Moreover, we also find out which market segment is contributing the most towards bookings at the hotels (Online bookings seem to account for most bookings in both the hotels)
### Percentage of canceled bookings per year
```{r}
canceled_df <- count(bookings, hotel, arrival_date_year, is_canceled)
canceled_df %>%
group_by(hotel, arrival_date_year) %>%
mutate(percent = n / sum(n)) %>%
subset(select = -c(n)) %>%
filter(is_canceled==1)
```
This metric gives us the percentage of bookings canceled every year per hotel.
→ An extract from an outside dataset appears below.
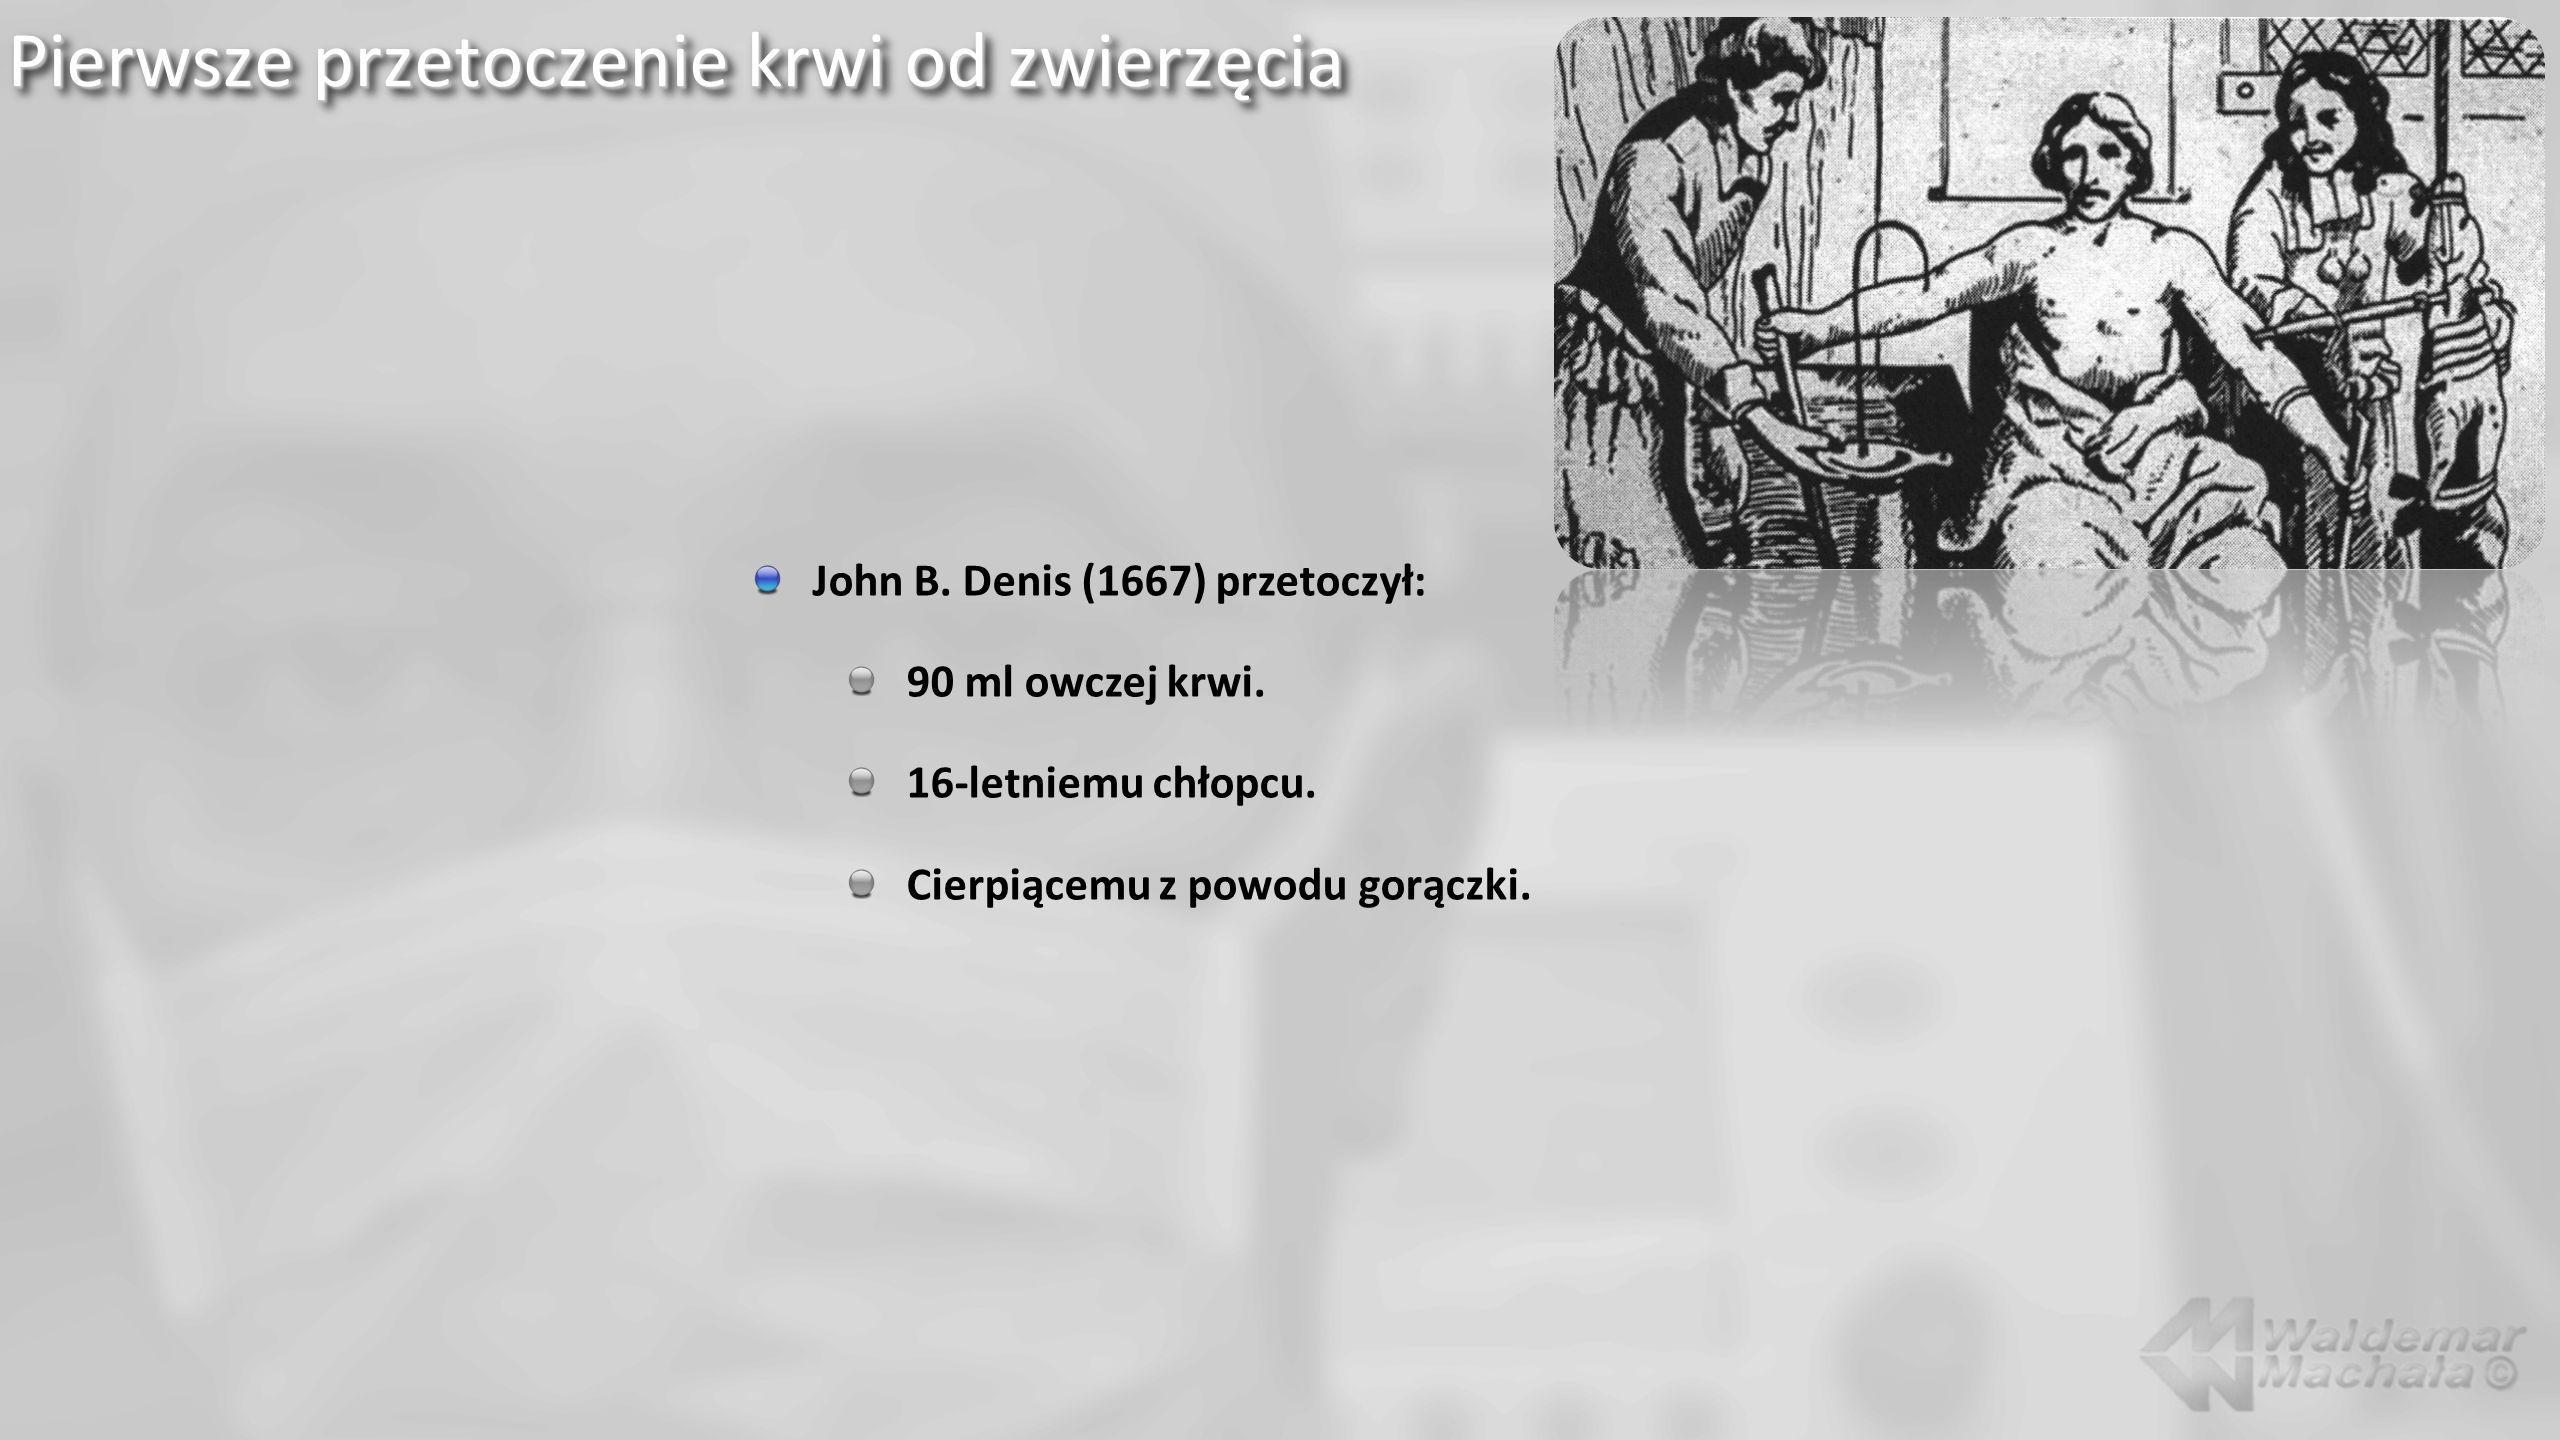 Pierwsze przetoczenie krwi od zwierzęcia John B.Denis (1667) przetoczył: 90 ml owczej krwi.

From the metric, we can see that the percentage of canceled bookings has been high in `City Hotel` as compared to `Resort Hotel`
### Percentage of canceled bookings per year
```{r}
country_df <- count(bookings, hotel, arrival_date_year, arrival_date_month)
country_df %>% group_by(hotel, arrival_date_year) %>% slice_max(order_by = arrival_date_month, n = 5)
```
This metric gives us the months of the year where the bookings are maximum. This helps the hotels prepare for the busy months of the year in terms of pricing, capacity, staffing, etc.